[DATA SHOWN — start]

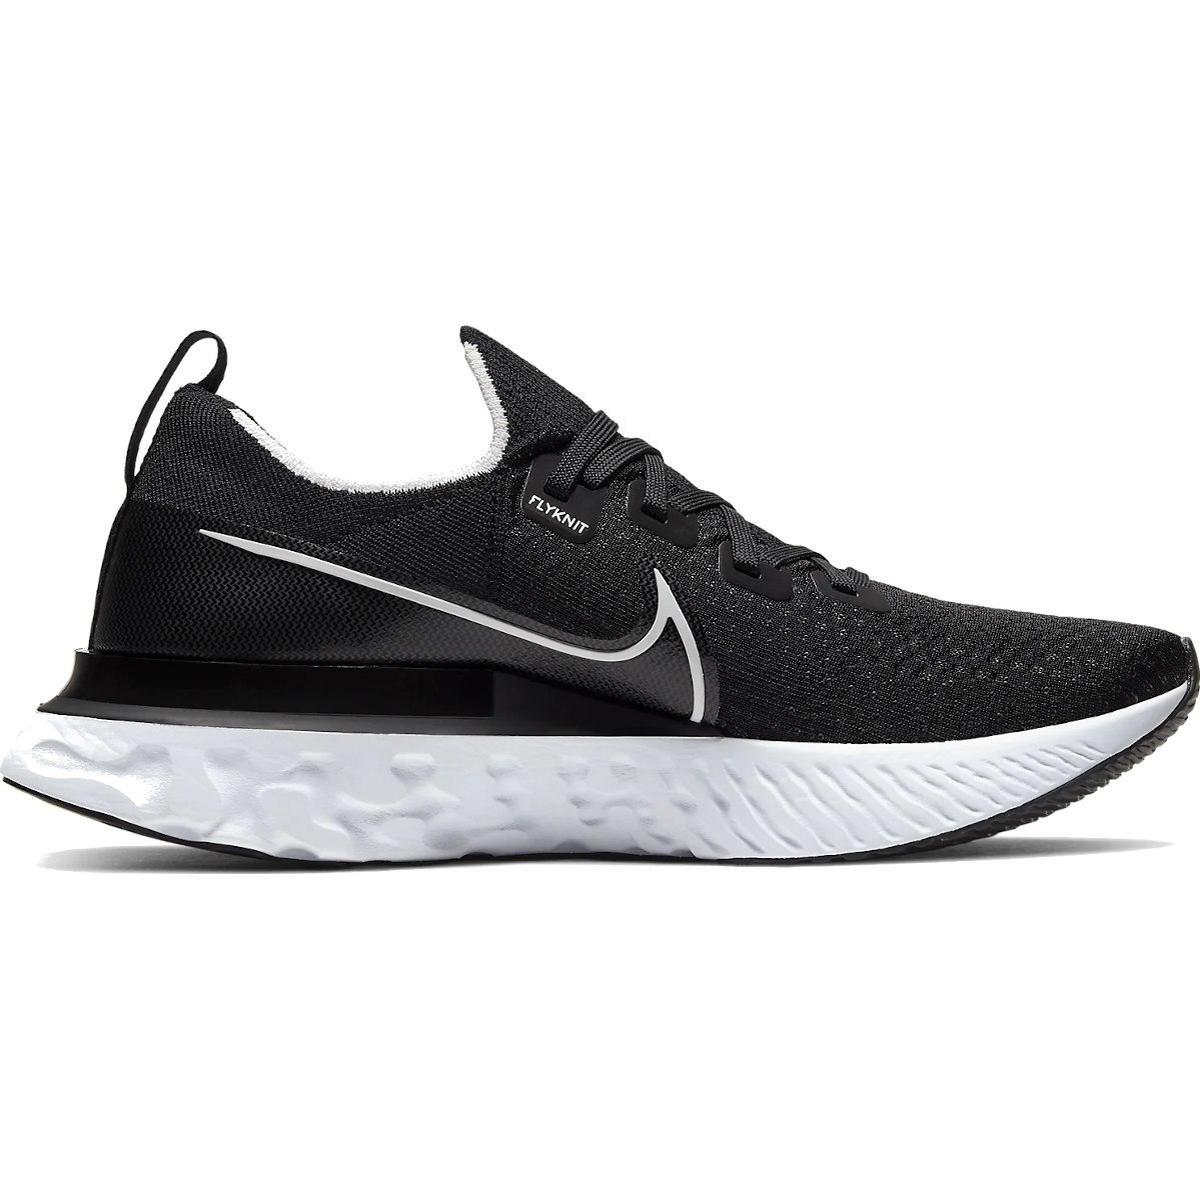 Nike React Sko (1000+ produkter) hos PriceRunner ???Se
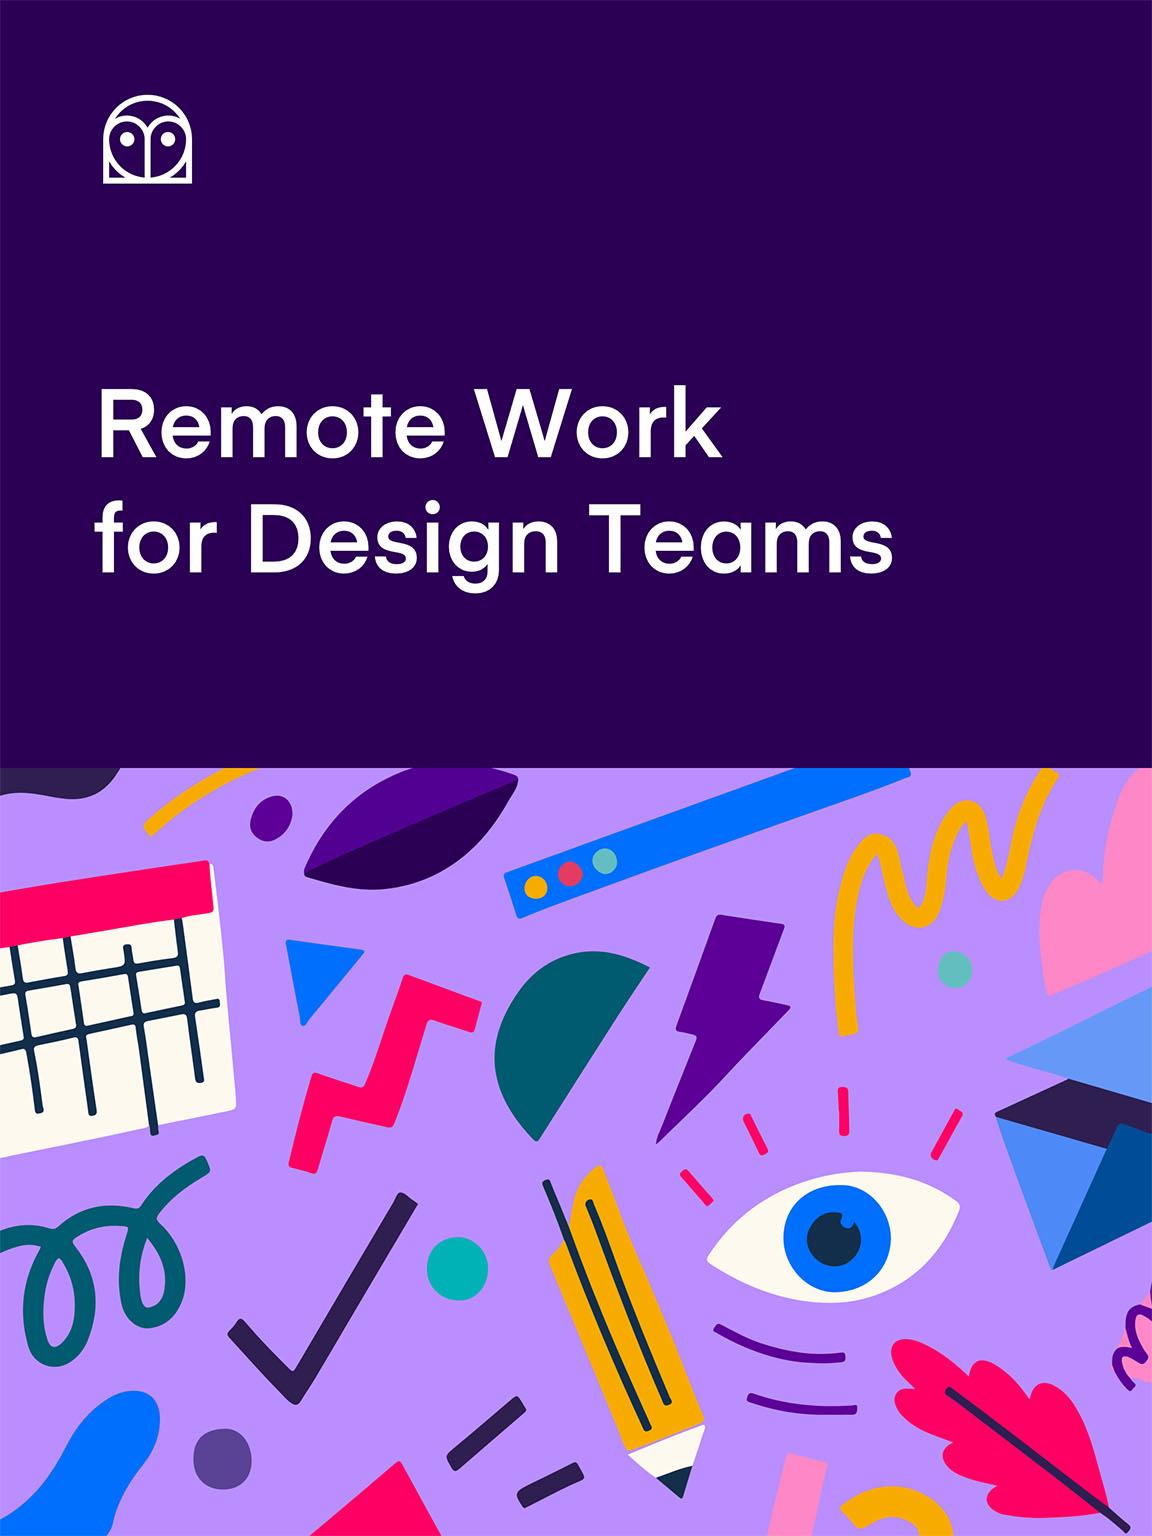 Remote Work for Design Teams
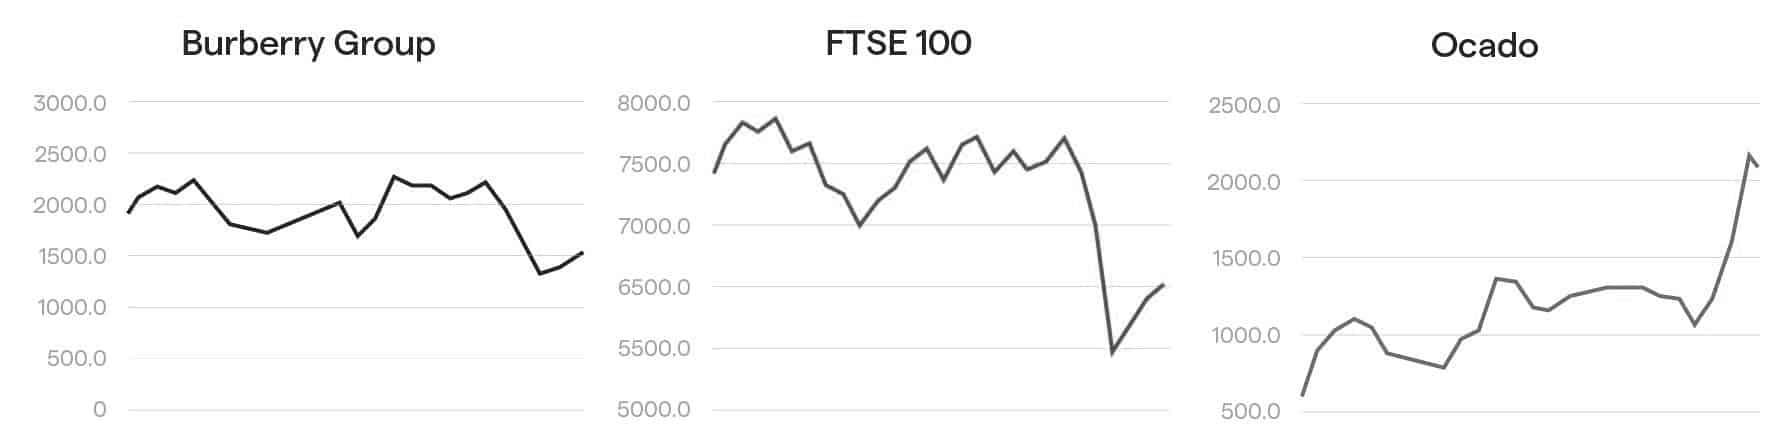 циклические акции, Burberry, Ocado, FTSE 100

[DATA SHOWN — finish]

◆ **WORK TO COMPLETE**
Everything in the listing must be copied exactly except the pictures.

◆ **RESULT OF THIS TASK**
 Nike React Sko (1000+ produkter) hos PriceRunner ???Se
 Remote Work for Design Teams
 циклические акции, Burberry, Ocado, FTSE 100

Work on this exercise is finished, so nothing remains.